- _What the task asks_
Your answer must restate the listing below word for word and contain no images.

- _Data_
>>>>

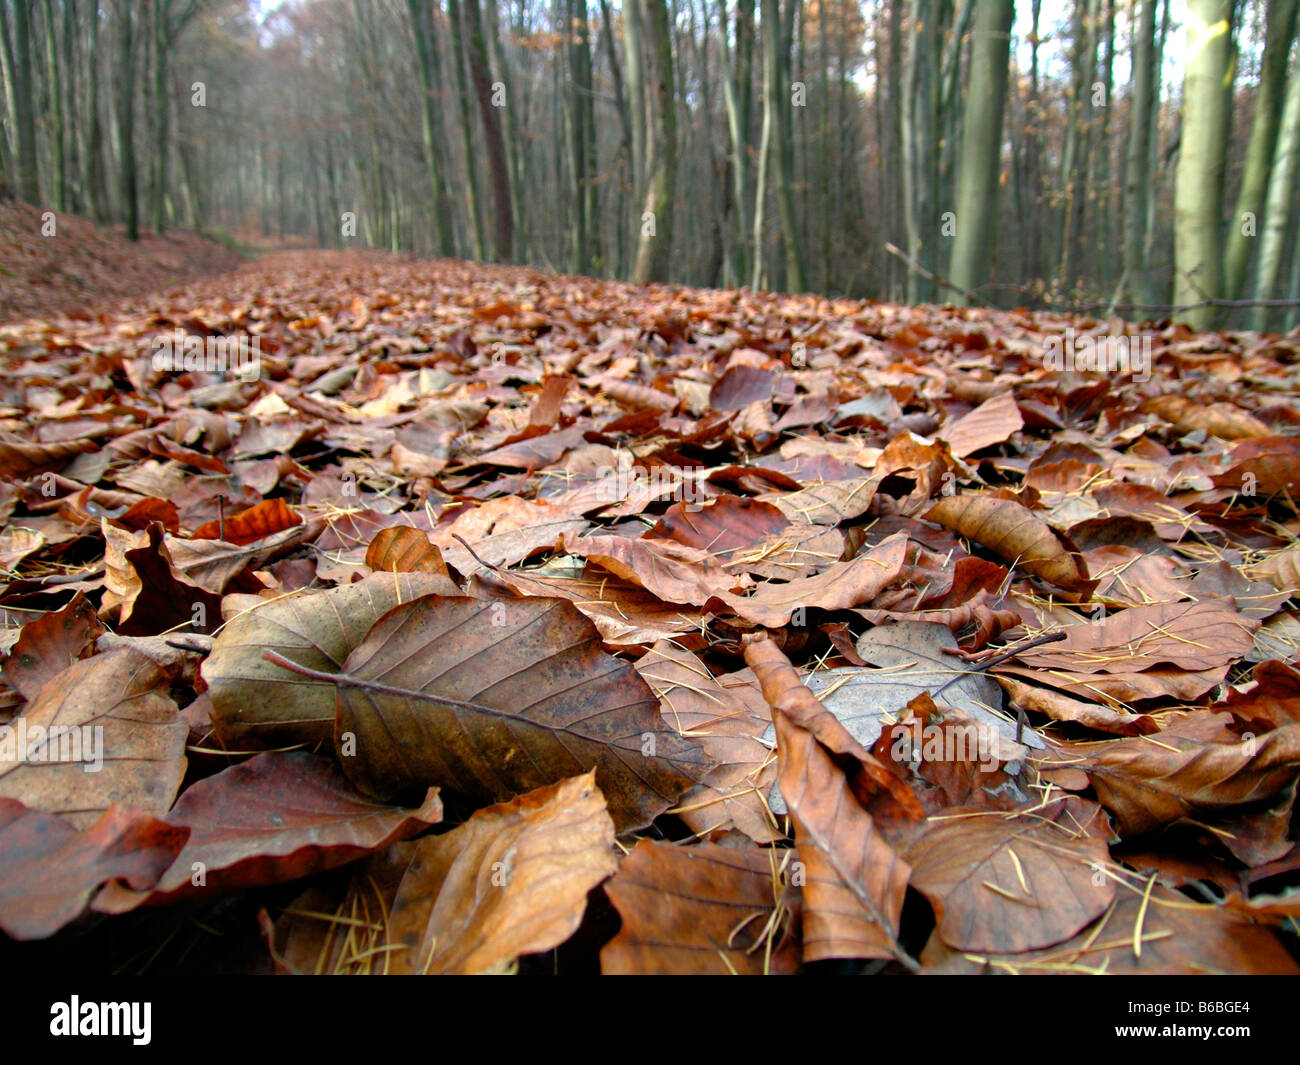 Fallen leaves on road in forest Stock Photo
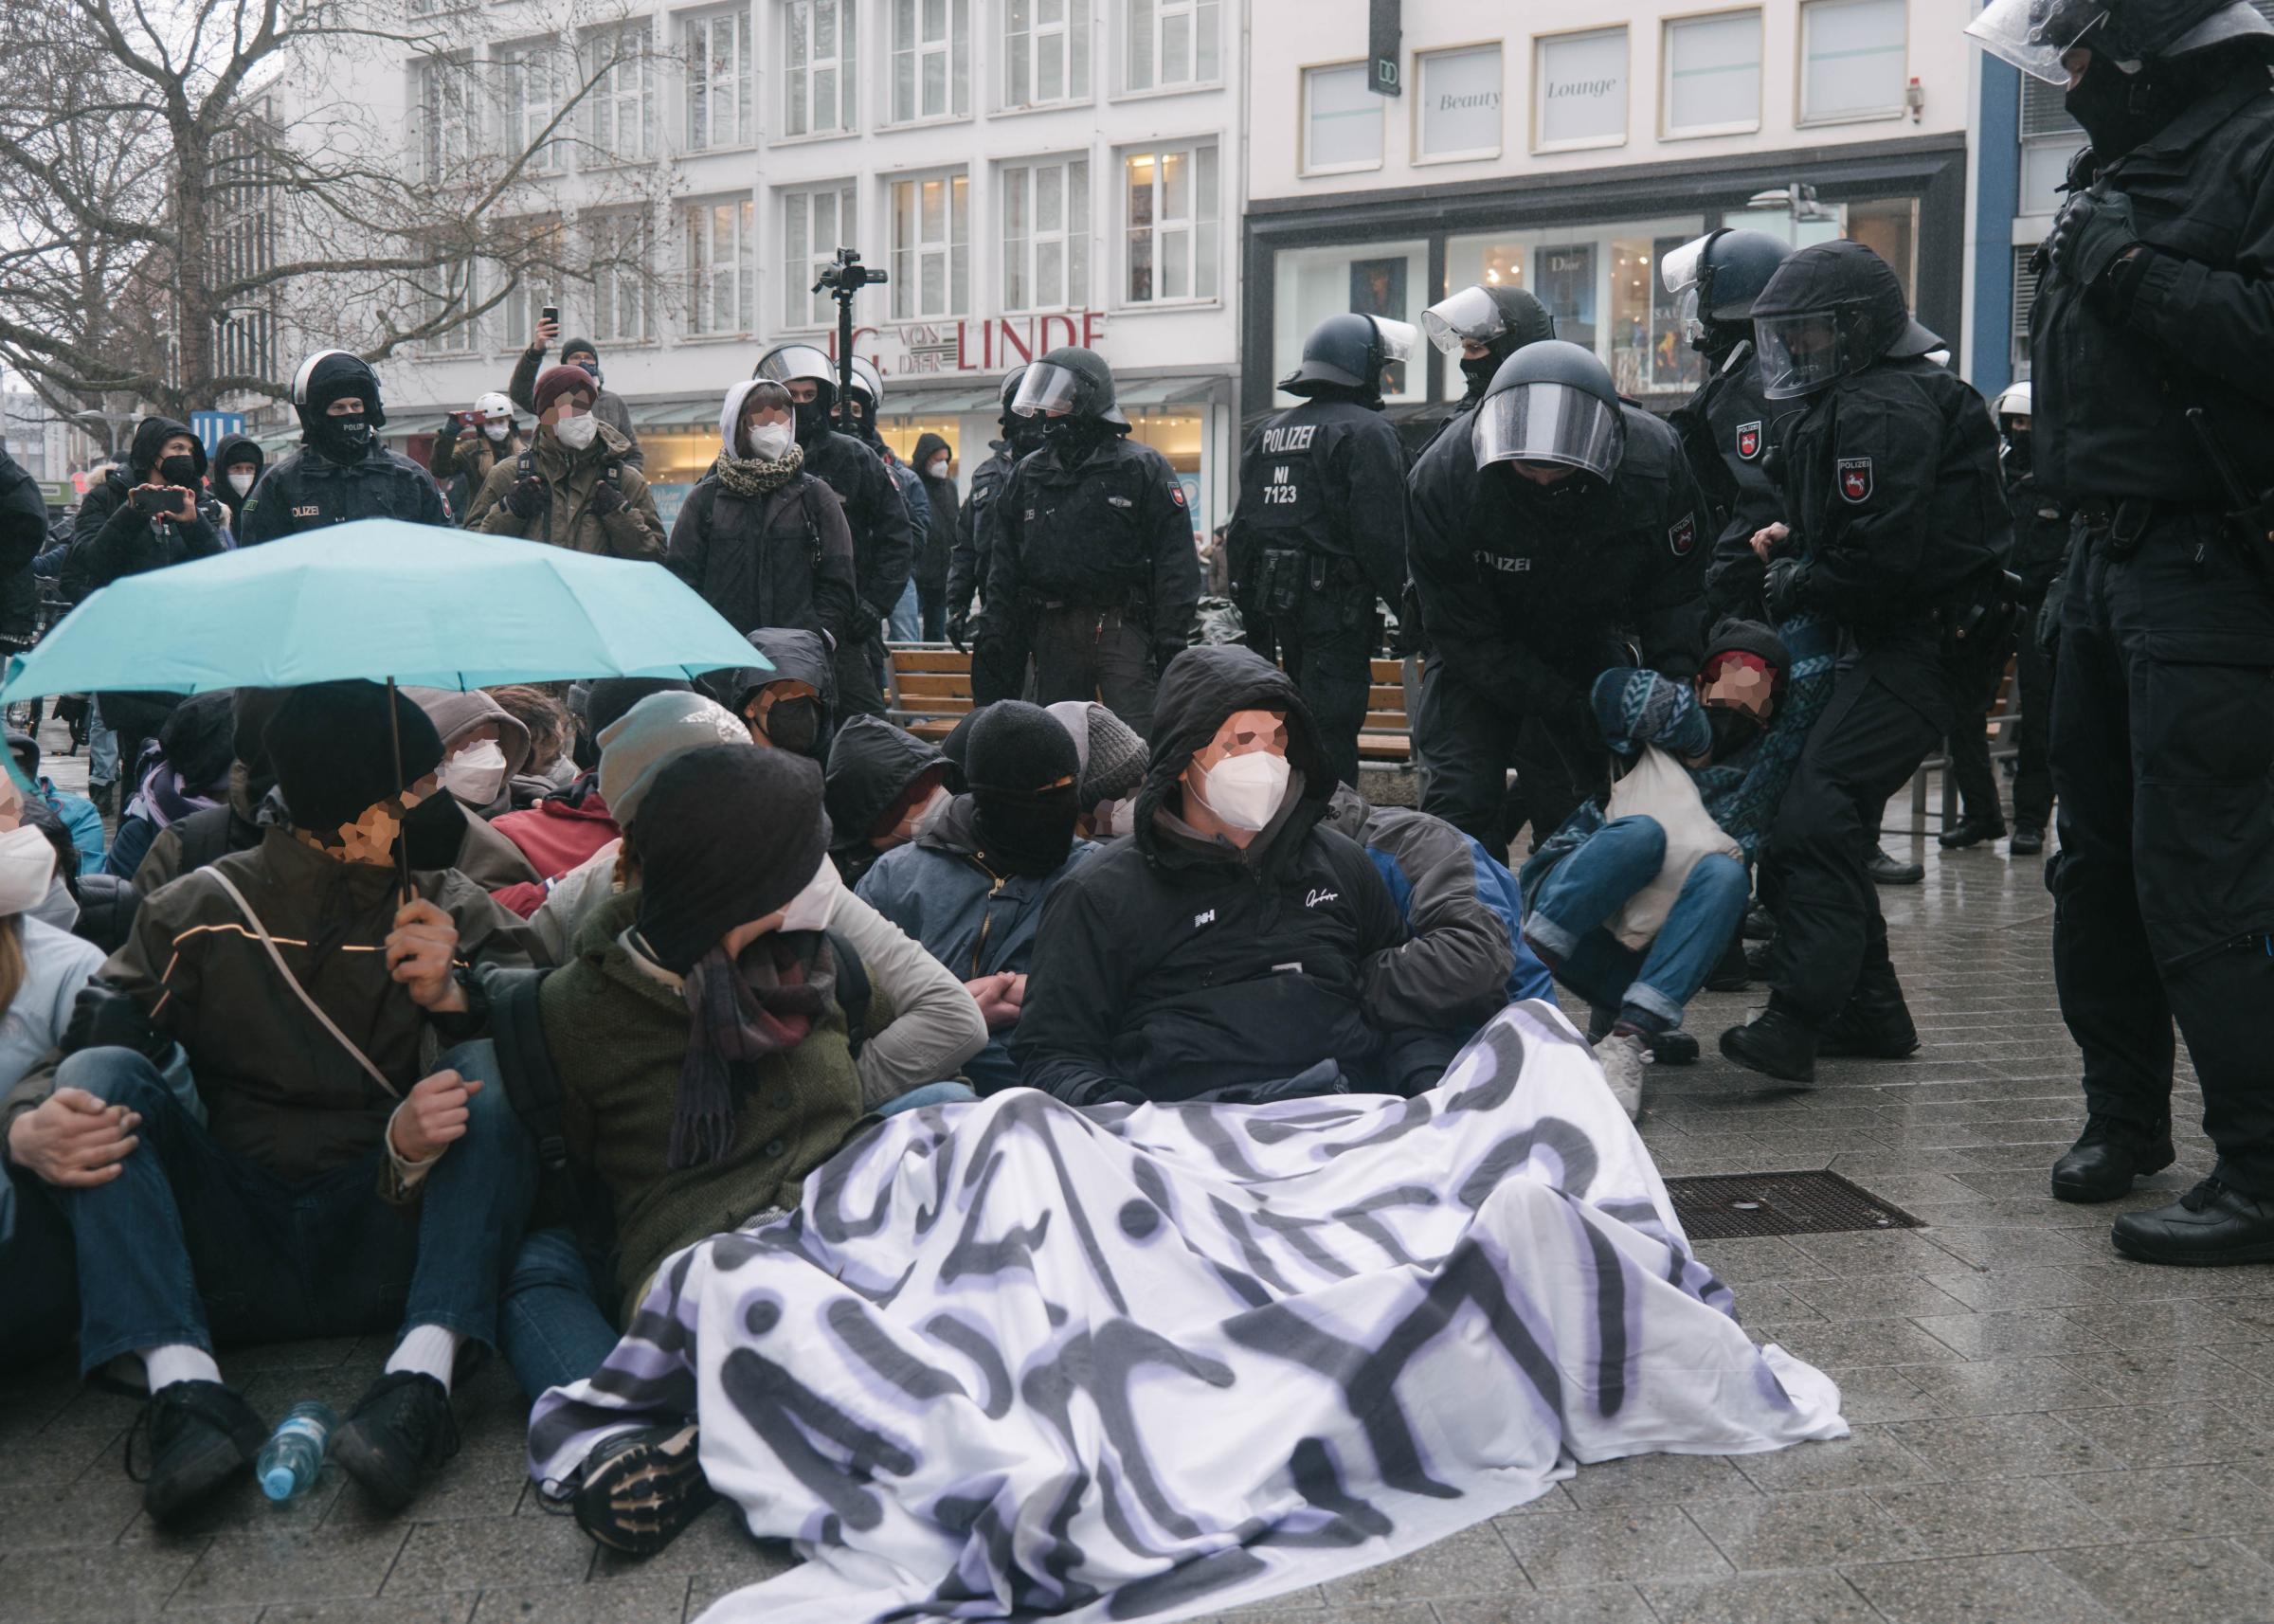 Antifascists block AfD march in Hannover - 
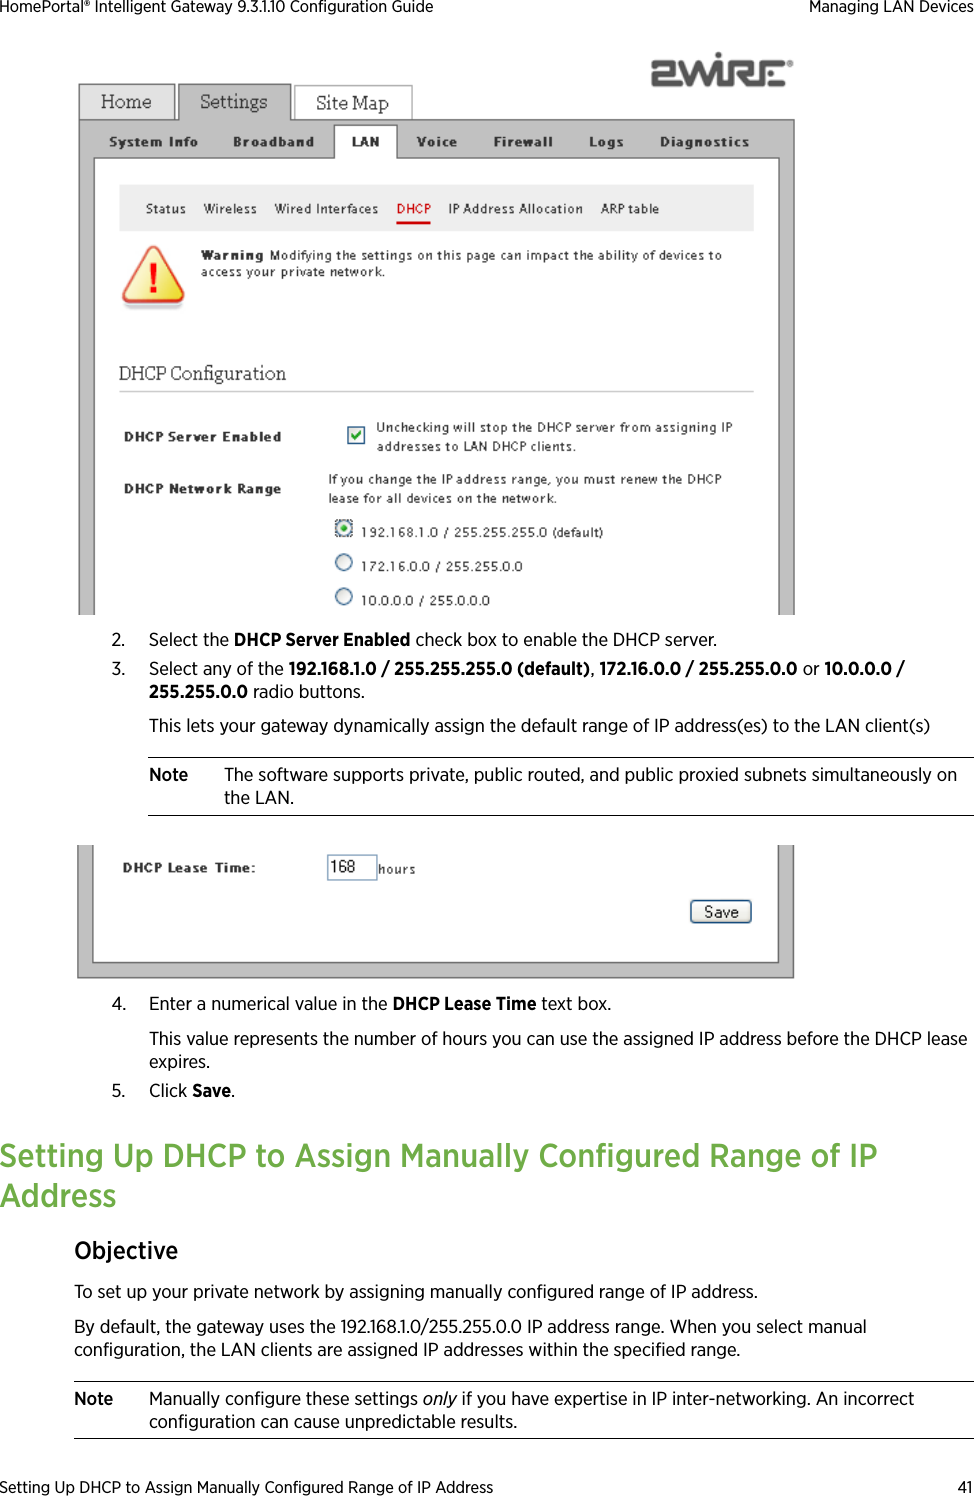 Setting Up DHCP to Assign Manually Configured Range of IP Address 41HomePortal® Intelligent Gateway 9.3.1.10 Configuration Guide Managing LAN Devices2. Select the DHCP Server Enabled check box to enable the DHCP server.3. Select any of the 192.168.1.0 / 255.255.255.0 (default), 172.16.0.0 / 255.255.0.0 or 10.0.0.0 / 255.255.0.0 radio buttons.This lets your gateway dynamically assign the default range of IP address(es) to the LAN client(s)Note The software supports private, public routed, and public proxied subnets simultaneously on the LAN. 4. Enter a numerical value in the DHCP Lease Time text box. This value represents the number of hours you can use the assigned IP address before the DHCP lease expires.5. Click Save. Setting Up DHCP to Assign Manually Configured Range of IP AddressObjectiveTo set up your private network by assigning manually configured range of IP address.By default, the gateway uses the 192.168.1.0/255.255.0.0 IP address range. When you select manual configuration, the LAN clients are assigned IP addresses within the specified range.Note Manually configure these settings only if you have expertise in IP inter-networking. An incorrect configuration can cause unpredictable results.

<<<<

- _Response to this task_
 Fallen leaves on road in forest Stock Photo
 Antifascists block AfD march in Hannover - 
 Setting Up DHCP to Assign Manually Configured Range of IP Address 41HomePortal® Intelligent Gateway 9.3.1.10 Configuration Guide Managing LAN Devices2. Select the DHCP Server Enabled check box to enable the DHCP server.3. Select any of the 192.168.1.0 / 255.255.255.0 (default), 172.16.0.0 / 255.255.0.0 or 10.0.0.0 / 255.255.0.0 radio buttons.This lets your gateway dynamically assign the default range of IP address(es) to the LAN client(s)Note The software supports private, public routed, and public proxied subnets simultaneously on the LAN. 4. Enter a numerical value in the DHCP Lease Time text box. This value represents the number of hours you can use the assigned IP address before the DHCP lease expires.5. Click Save. Setting Up DHCP to Assign Manually Configured Range of IP AddressObjectiveTo set up your private network by assigning manually configured range of IP address.By default, the gateway uses the 192.168.1.0/255.255.0.0 IP address range. When you select manual configuration, the LAN clients are assigned IP addresses within the specified range.Note Manually configure these settings only if you have expertise in IP inter-networking. An incorrect configuration can cause unpredictable results.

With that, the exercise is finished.